How to complete this task:
Write the listing out again word for word, leaving each picture behind.

Data shown:
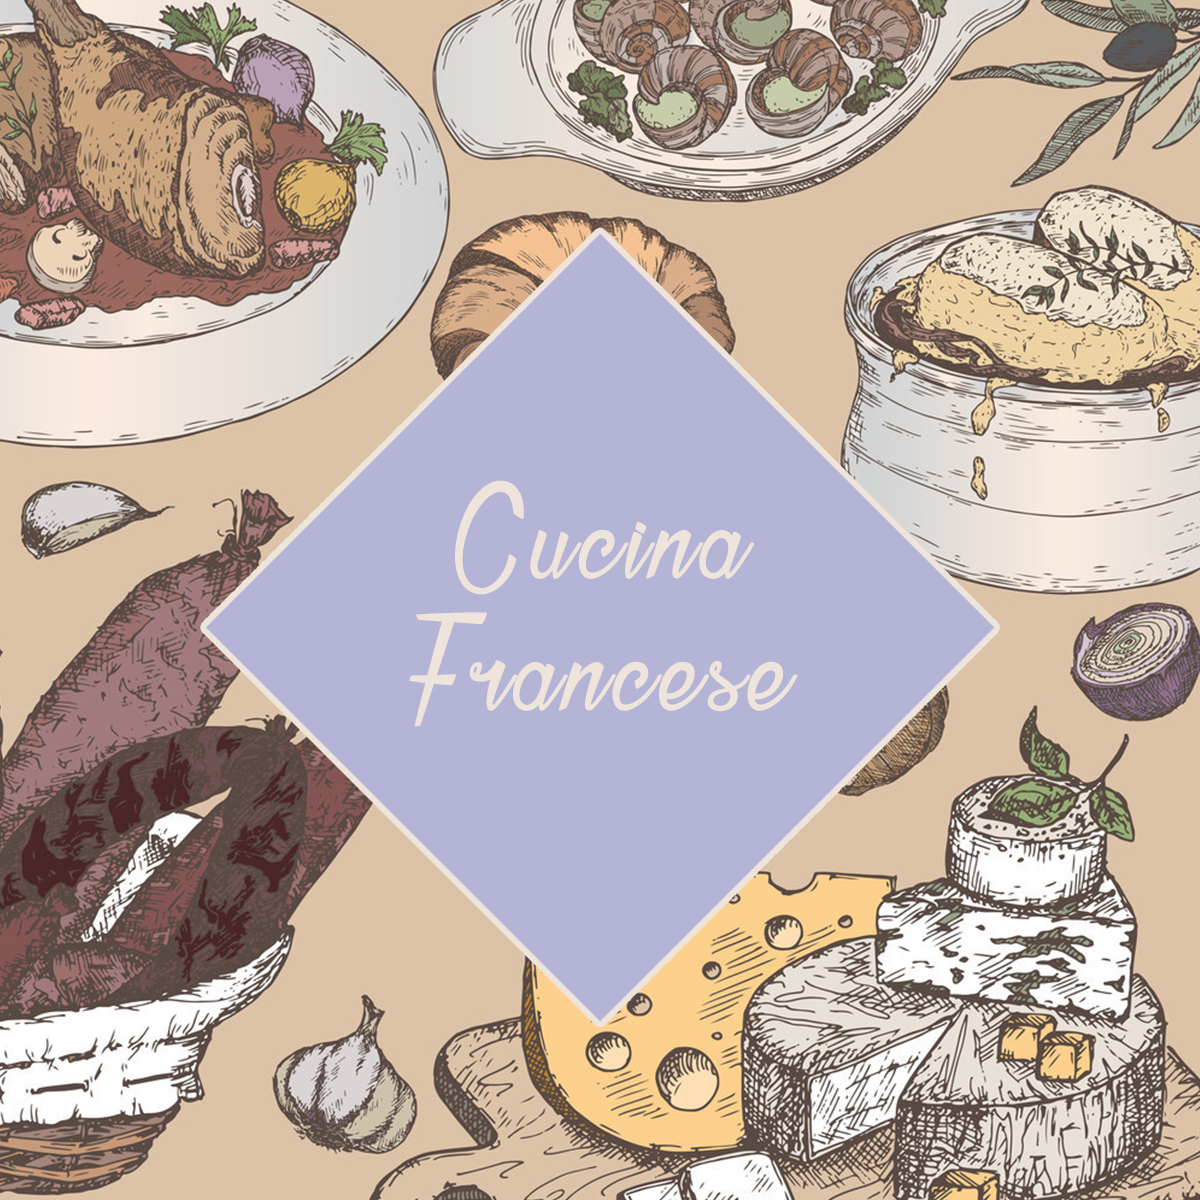 La cucina francese
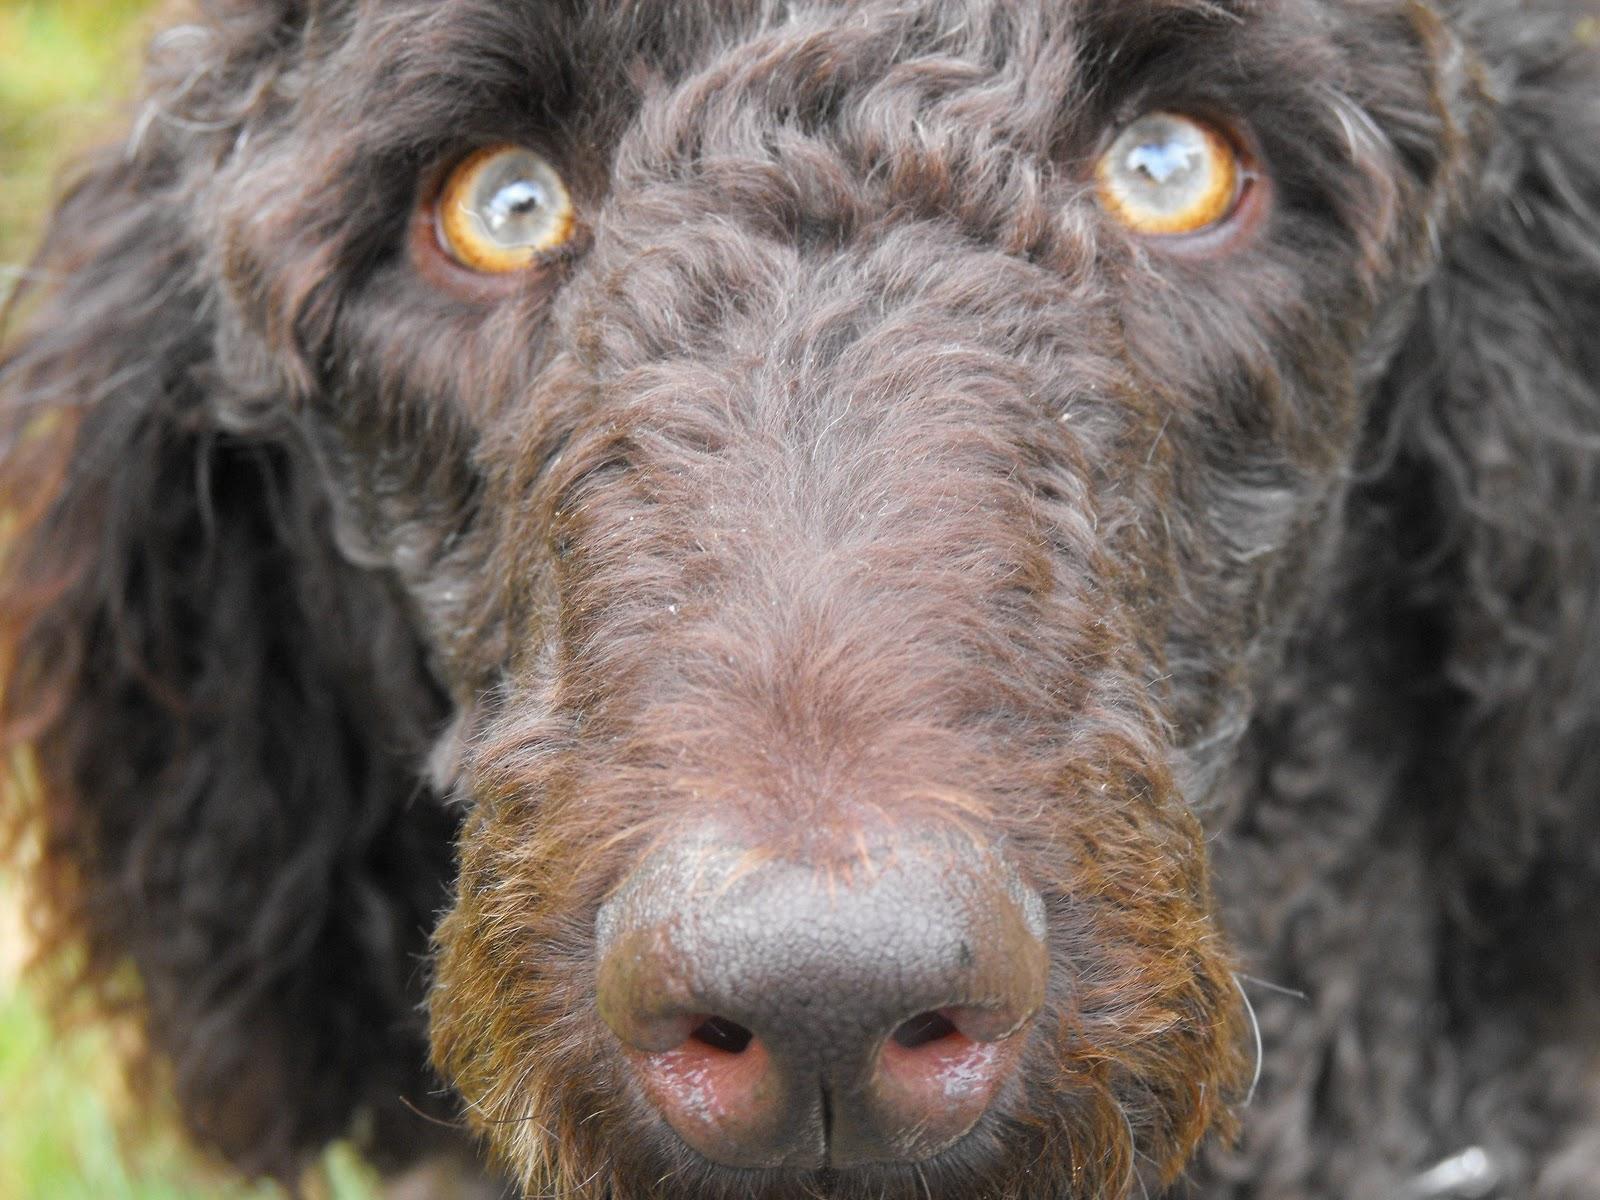 Sad Puppy Dog Eyes Begging Wallpaper Desktop HD
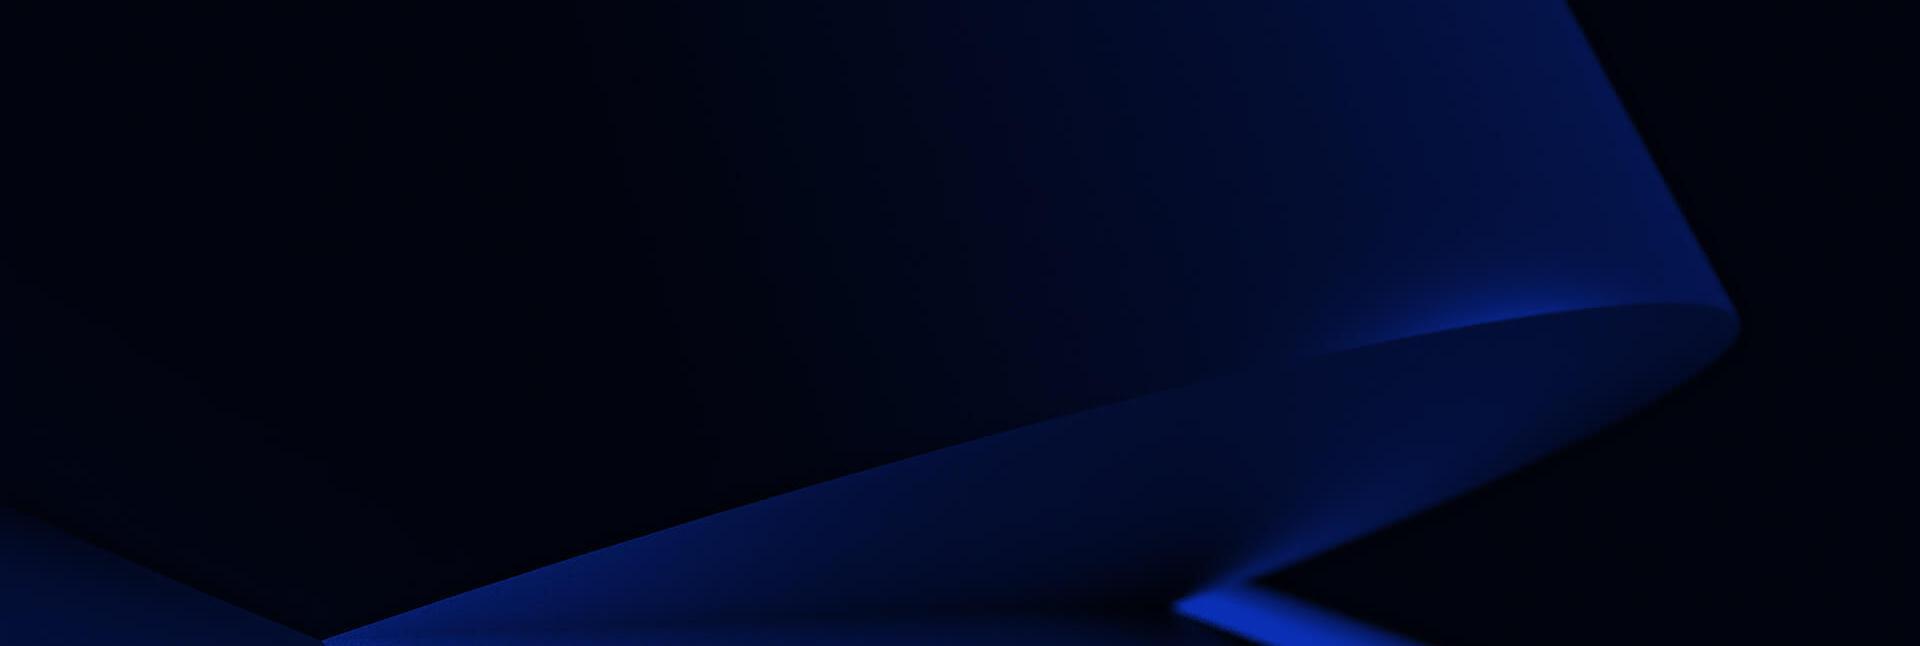 rra-background-blue-9-2021.jpg

Your response:
 La cucina francese
 Sad Puppy Dog Eyes Begging Wallpaper Desktop HD
 rra-background-blue-9-2021.jpg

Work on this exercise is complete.